Finding motifs in SeqAn.
Motifs are short sequence patterns of biological significance in either DNA, RNA or protein sequences. The discovery of such motifs is an important task in molecular biology. The characterization and localization of motifs is a fundamental approach to a better understanding of the structure, function and evolutionary relationships of the corresponding genes or proteins.
The Motif Finder, consisting of the class MotifFinder and the function findMotif, provides four different motif finding algorithms, the two heuristic algorithms, PROJECTION and ePatternBranching, and the two exact algorithms, PMS1 and PMSP. In the following, the tutorial will shortly explain the structure of MotifFinder and findMotif and give some instructions on how to apply them in order to start a motif search.
The MotifFinder class template holds the parameters used for running the appropriate motif search algorithm, and furthermore serves to store some useful information about each of the motifs discovered by the algorithm, including the pattern of the found motif and its corresponding score which is the number of query sequences containing a motif instance.
MotifFinder has two template parameters represented by
TSeqType and TAlgorithm.
The first template parameter TSeqType determines the type of sequences to be analyzed.
Two possible types of sequences are, for example, Dna and protein sequences.
MotifFinder<AminoAcid, TAlgorithm> finder;
The second template parameter
TAlgorithm specifies the desired motif search algorithm for finding motifs in a set of
sequences. Four different motif finding algorithms are available: Projection,
ePatternBranching, PMS1 and PMSP. Depending on the chosen parameter TAlgorithm
there are different MotifFinder constructors with different arguments.
The Projection Motif Finder denotes the partial specialized MotifFinder with Projection as second template parameter.
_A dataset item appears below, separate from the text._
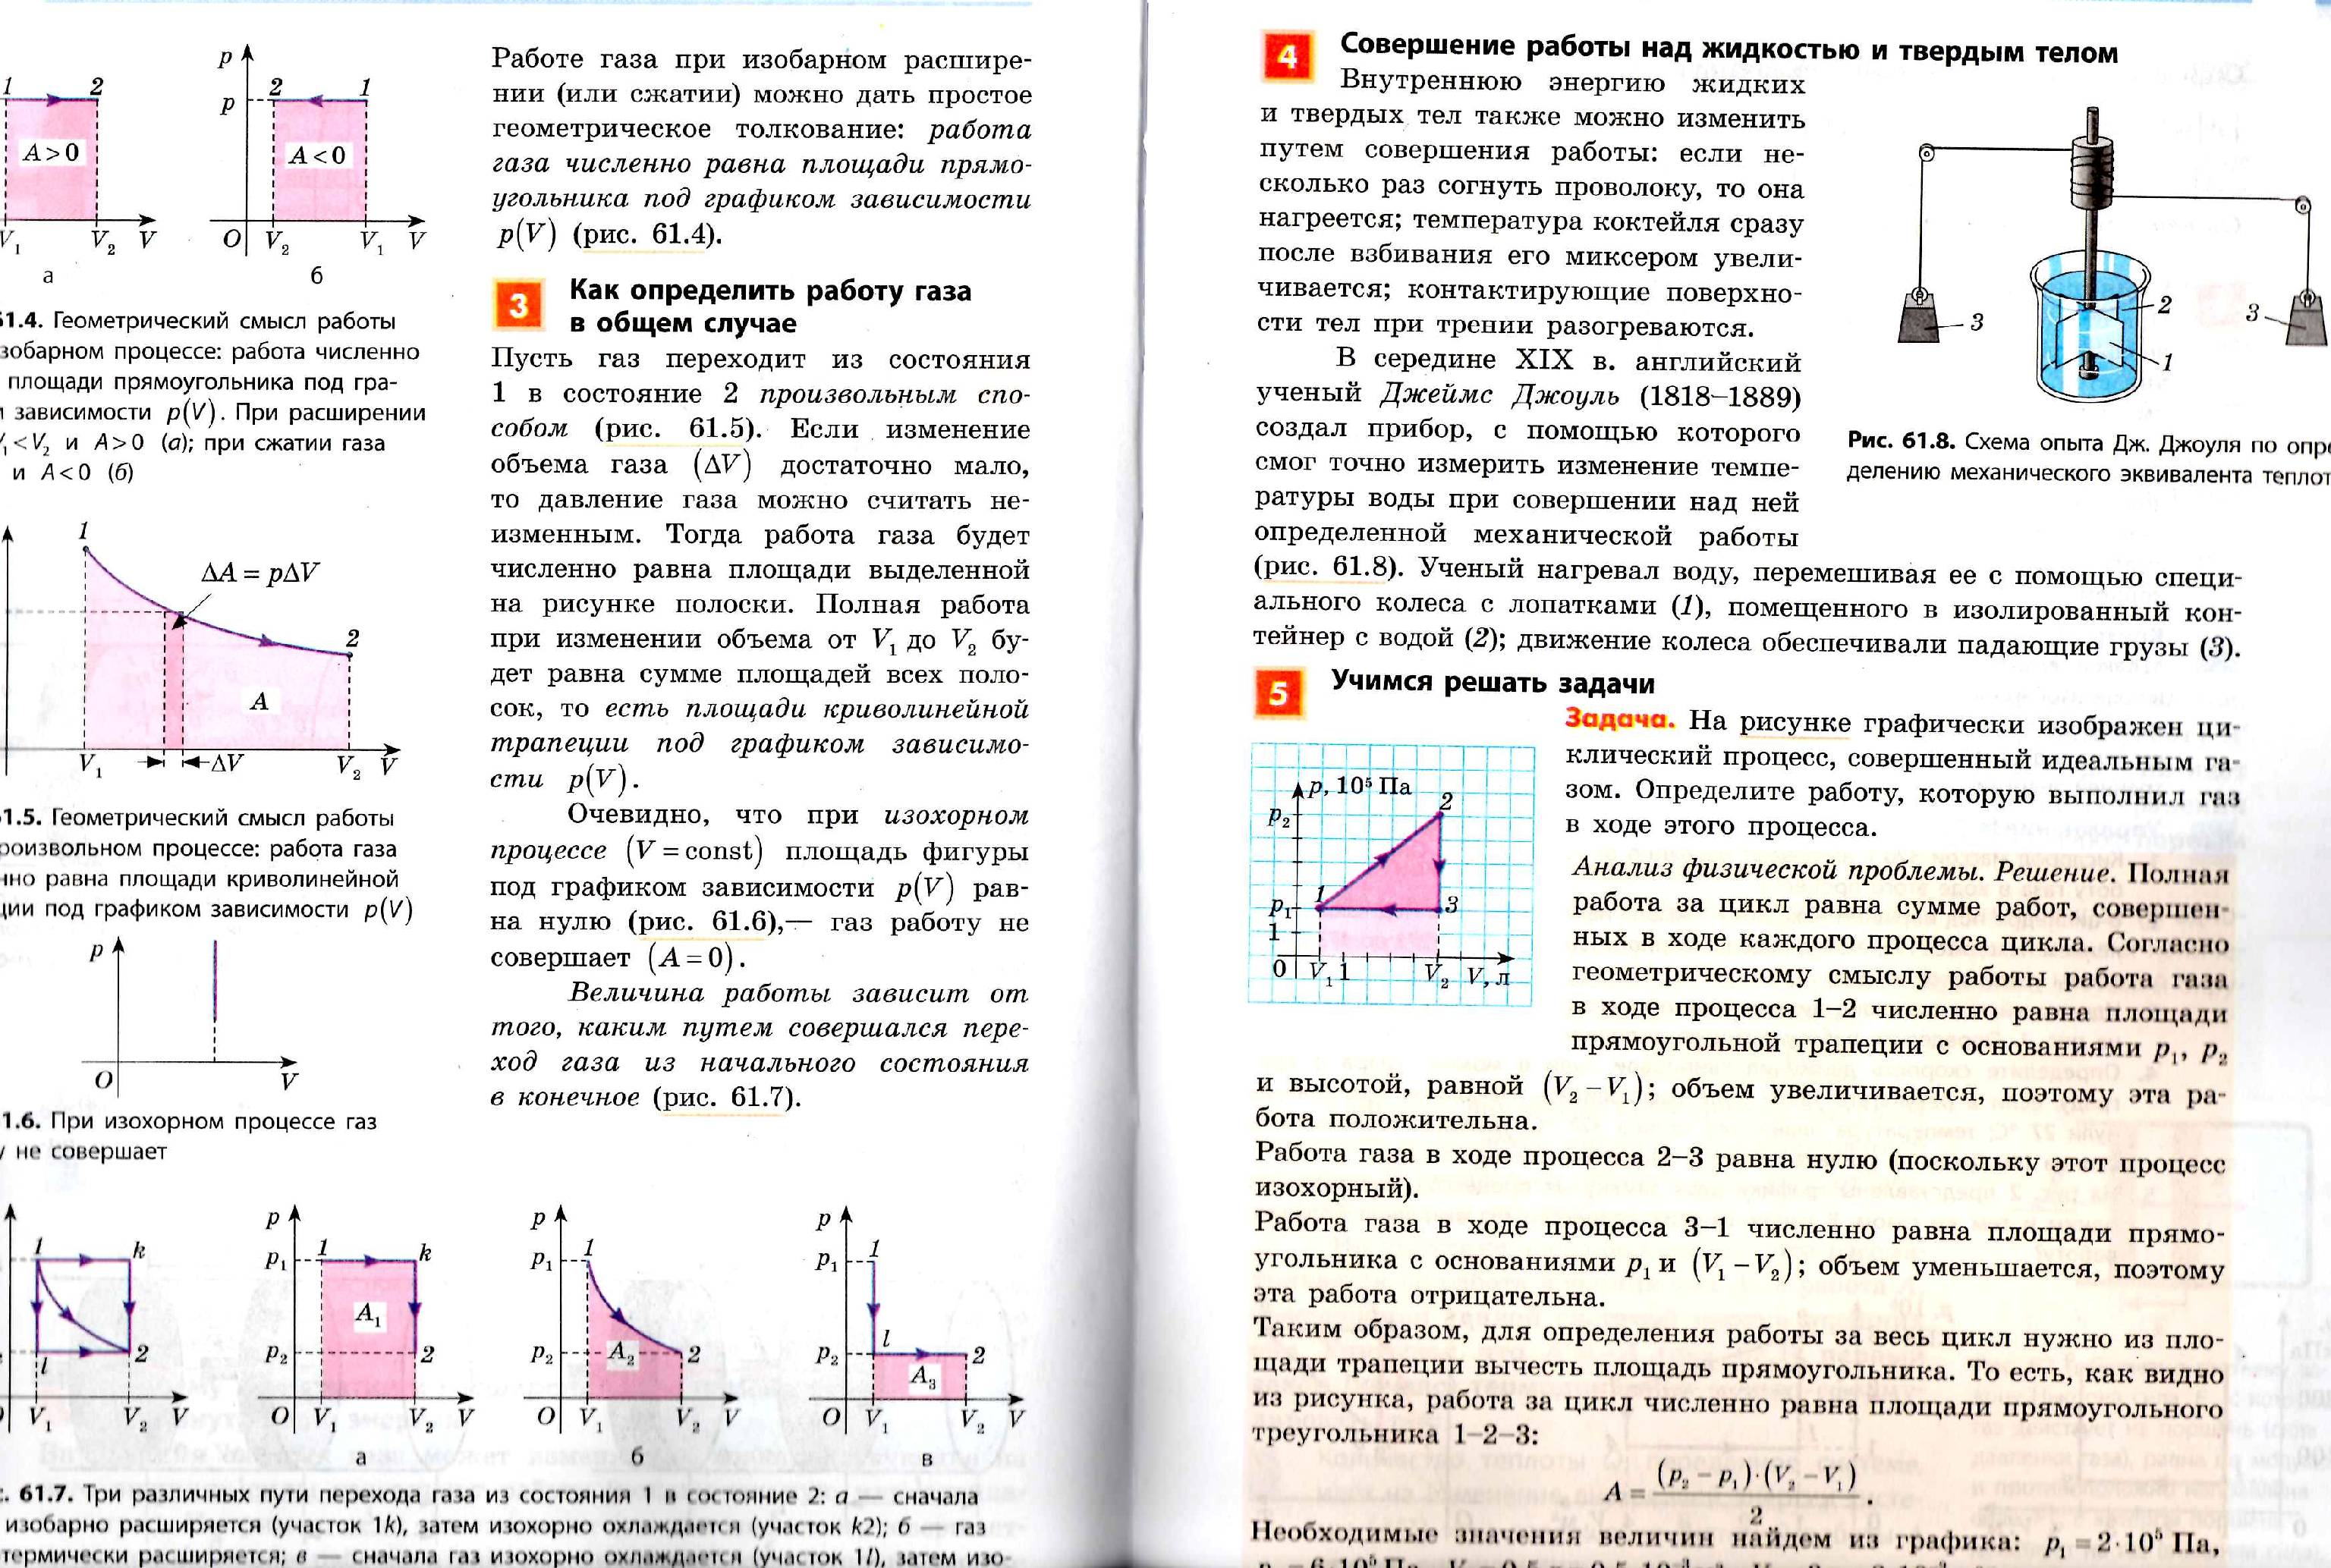 Различные формы проверки домашнего задания по физике с использованием опорного конспекта

The PROJECTION algorithm of Buhler and Tompa is a randomized algorithm which does not guarantee that the unknown motif will be found every time. The chance of success can be increased by performing a large number of independent trials to generate multiple guesses. In each trial, the implemented PROJECTION algorithm makes a preselection of sets of length-
called l-mers which are likely to be a collection of motif instances and refines them by using the EM algorithm of Bailey
and Elkan. In addition to the basic parameters t (number of query sequences), l (length of motif),
m_total (total number of possible l-mers ( m_total = t*(n-l+1), if all sequences have the same sequence length)),
d (number of substitutions) and the boolean parameter is_exact (size of Hamming distance), PROJECTION has the three key
parameters k (projection size), s (bucket threshold) and tr (number of independent trials).
MotifFinder<TSeqType, Projection> finder(t,l,m_total,d,is_exact);
MotifFinder<TSeqType, Projection> finder(t,l,m_total,d,is_exact,k,s,tr);
The Projection Motif Finder provides different constructors as shown above. When creating a Projection Motif Finder object by calling the constructor without the key parameters
k, s and tr
as constructor arguments the key parameters are internally computed.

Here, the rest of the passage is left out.